■ **Data shown**
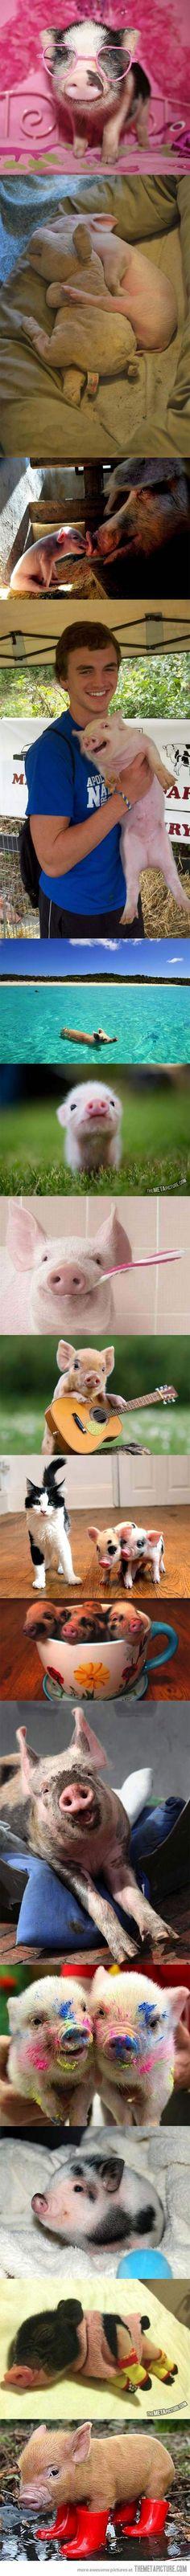 Piggies being piggies…soo stinkin cute!!
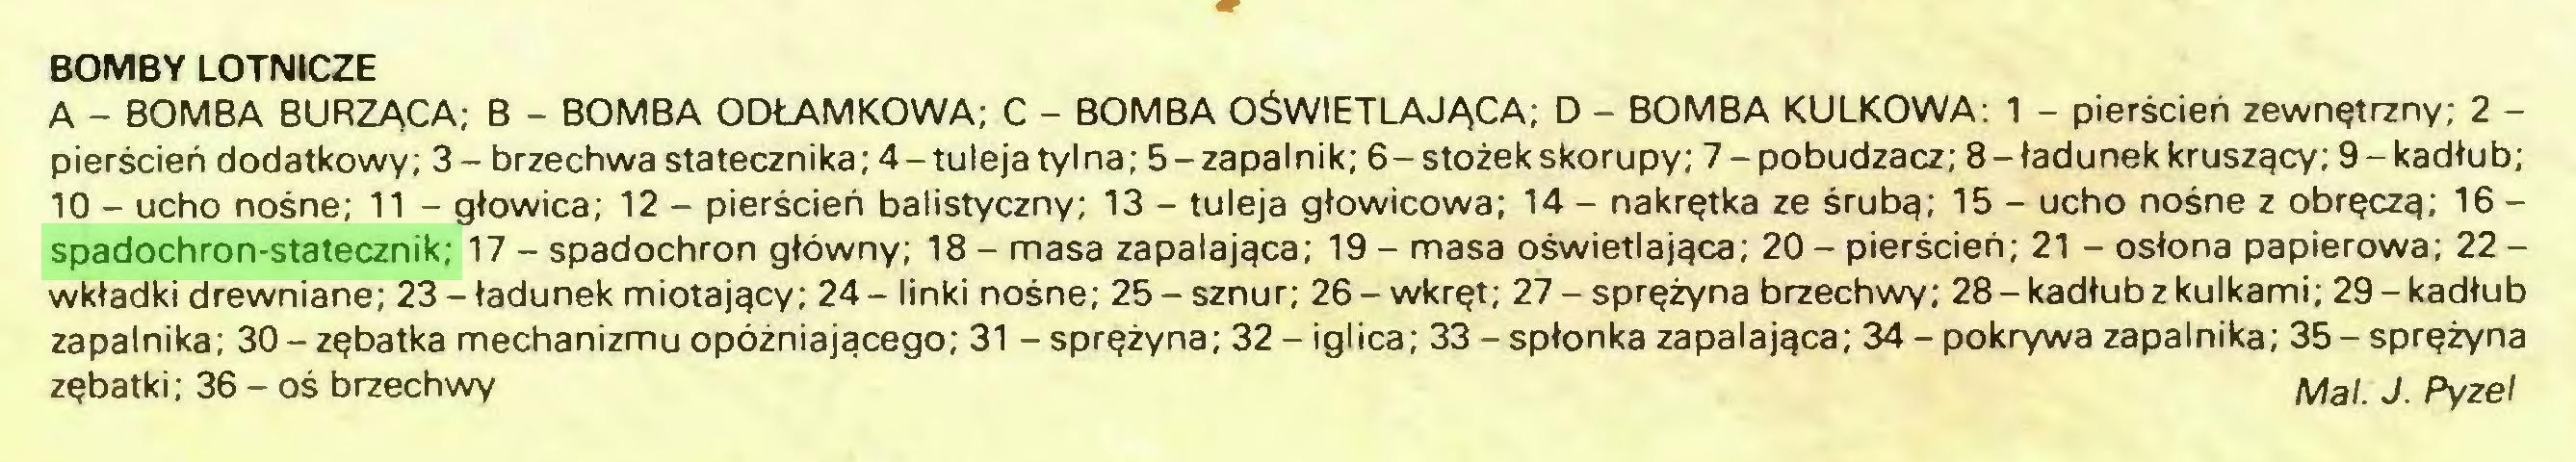 (...) BOMBY LOTNICZE A - BOMBA BURZĄCA; B - BOMBA ODŁAMKOWA; C - BOMBA OŚWIETLAJĄCA; D - BOMBA KULKOWA: 1 - pierścień zewnętrzny; 2 pierścień dodatkowy; 3- brzechwa statecznika; 4-tuleja tylna; 5-zapalnik; 6-stożek skorupy; 7-pobudzacz; 8-ładunek kruszący; 9-kadłub; 10 - ucho nośne; 11 - głowica; 12 - pierścień balistyczny; 13 - tuleja głowicowa; 14 - nakrętka ze śrubą; 15 - ucho nośne z obręczą; 16 spadochron-statecznik; 17 - spadochron główny; 18 - masa zapalająca; 19 - masa oświetlająca; 20 - pierścień; 21 - osłona papierowa; 22 wkładki drewniane; 23-ładunek miotający; 24- linki nośne; 25-sznur; 26-wkręt; 27-sprężyna brzechwy; 28-kadłub z kulkami; 29-kadłub zapalnika; 30-zębatka mechanizmu opóźniającego; 31 - sprężyna; 32 - iglica; 33 - spłonka zapalająca; 34- pokrywa zapalnika; 35-sprężyna zębatki; 36 - oś brzechwy Mai. J. Pyzę!...
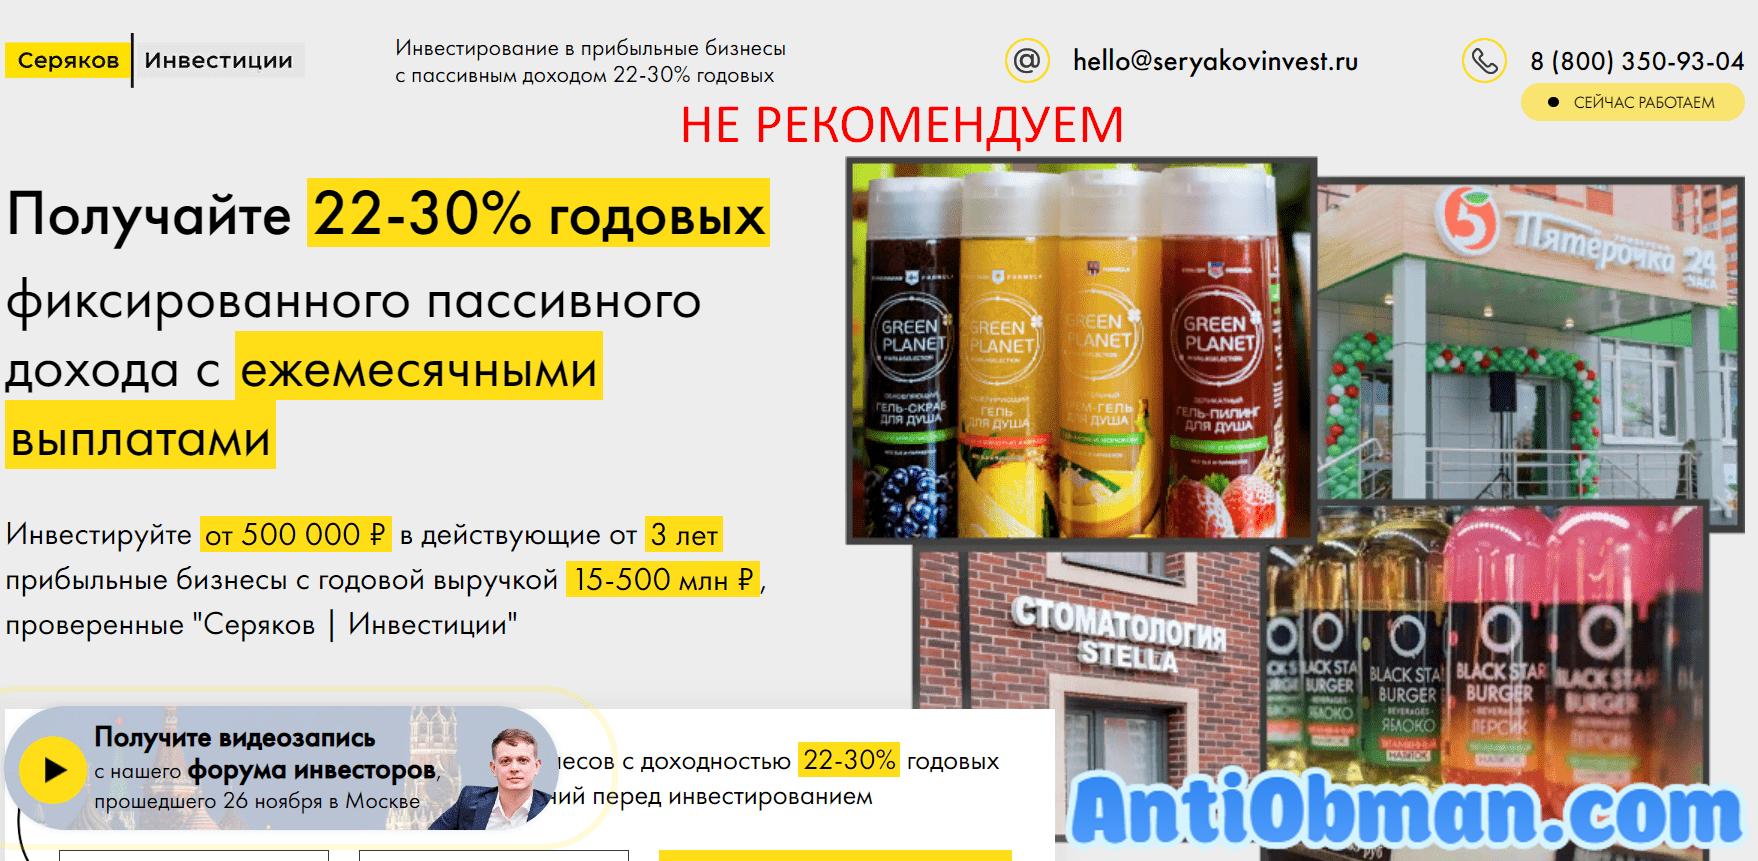 Серяков Инвестиции (seryakovinvest.ru)
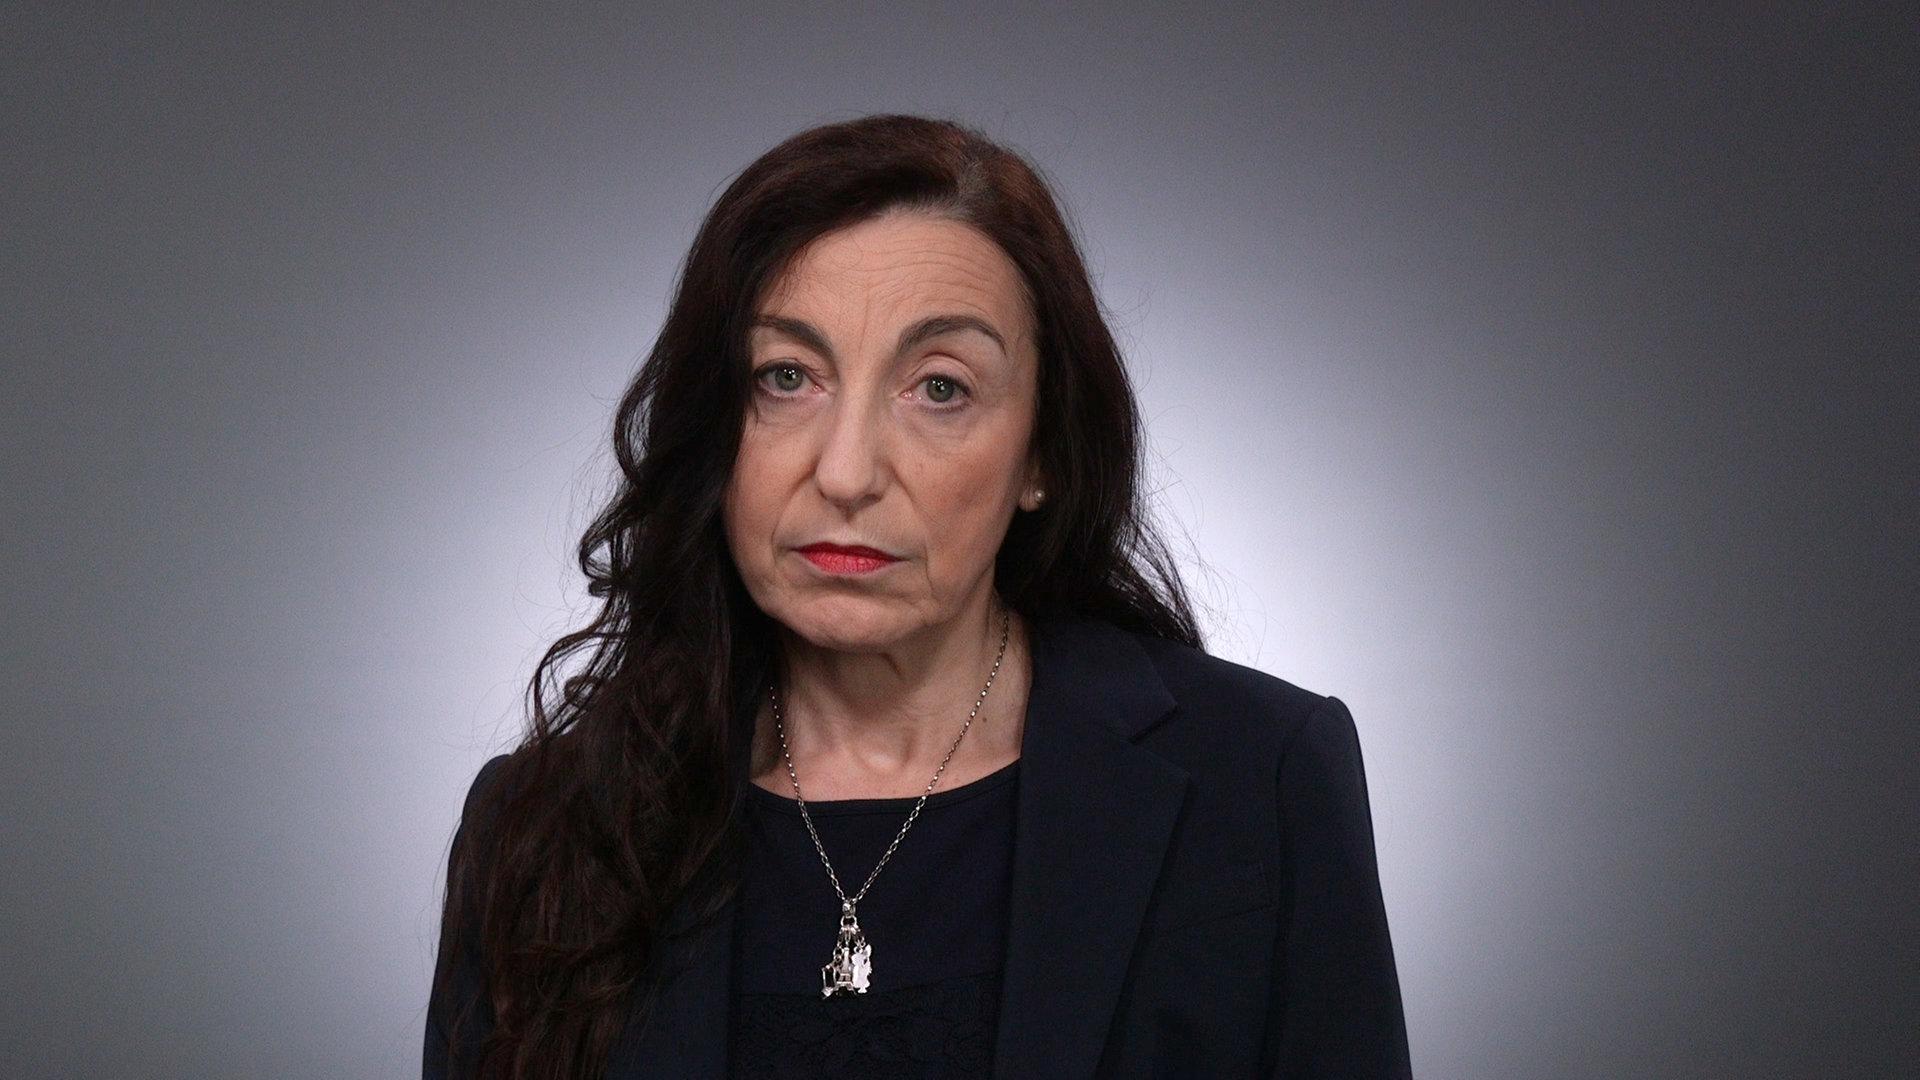 Isabella Vértes-Schütter, SPD

■ **Task directions**
Go through the material above and print all of it exactly, except the pictures.

■ **Solution for this problem**
 Piggies being piggies…soo stinkin cute!!
 (...) BOMBY LOTNICZE A - BOMBA BURZĄCA; B - BOMBA ODŁAMKOWA; C - BOMBA OŚWIETLAJĄCA; D - BOMBA KULKOWA: 1 - pierścień zewnętrzny; 2 pierścień dodatkowy; 3- brzechwa statecznika; 4-tuleja tylna; 5-zapalnik; 6-stożek skorupy; 7-pobudzacz; 8-ładunek kruszący; 9-kadłub; 10 - ucho nośne; 11 - głowica; 12 - pierścień balistyczny; 13 - tuleja głowicowa; 14 - nakrętka ze śrubą; 15 - ucho nośne z obręczą; 16 spadochron-statecznik; 17 - spadochron główny; 18 - masa zapalająca; 19 - masa oświetlająca; 20 - pierścień; 21 - osłona papierowa; 22 wkładki drewniane; 23-ładunek miotający; 24- linki nośne; 25-sznur; 26-wkręt; 27-sprężyna brzechwy; 28-kadłub z kulkami; 29-kadłub zapalnika; 30-zębatka mechanizmu opóźniającego; 31 - sprężyna; 32 - iglica; 33 - spłonka zapalająca; 34- pokrywa zapalnika; 35-sprężyna zębatki; 36 - oś brzechwy Mai. J. Pyzę!...
 Серяков Инвестиции (seryakovinvest.ru)
 Isabella Vértes-Schütter, SPD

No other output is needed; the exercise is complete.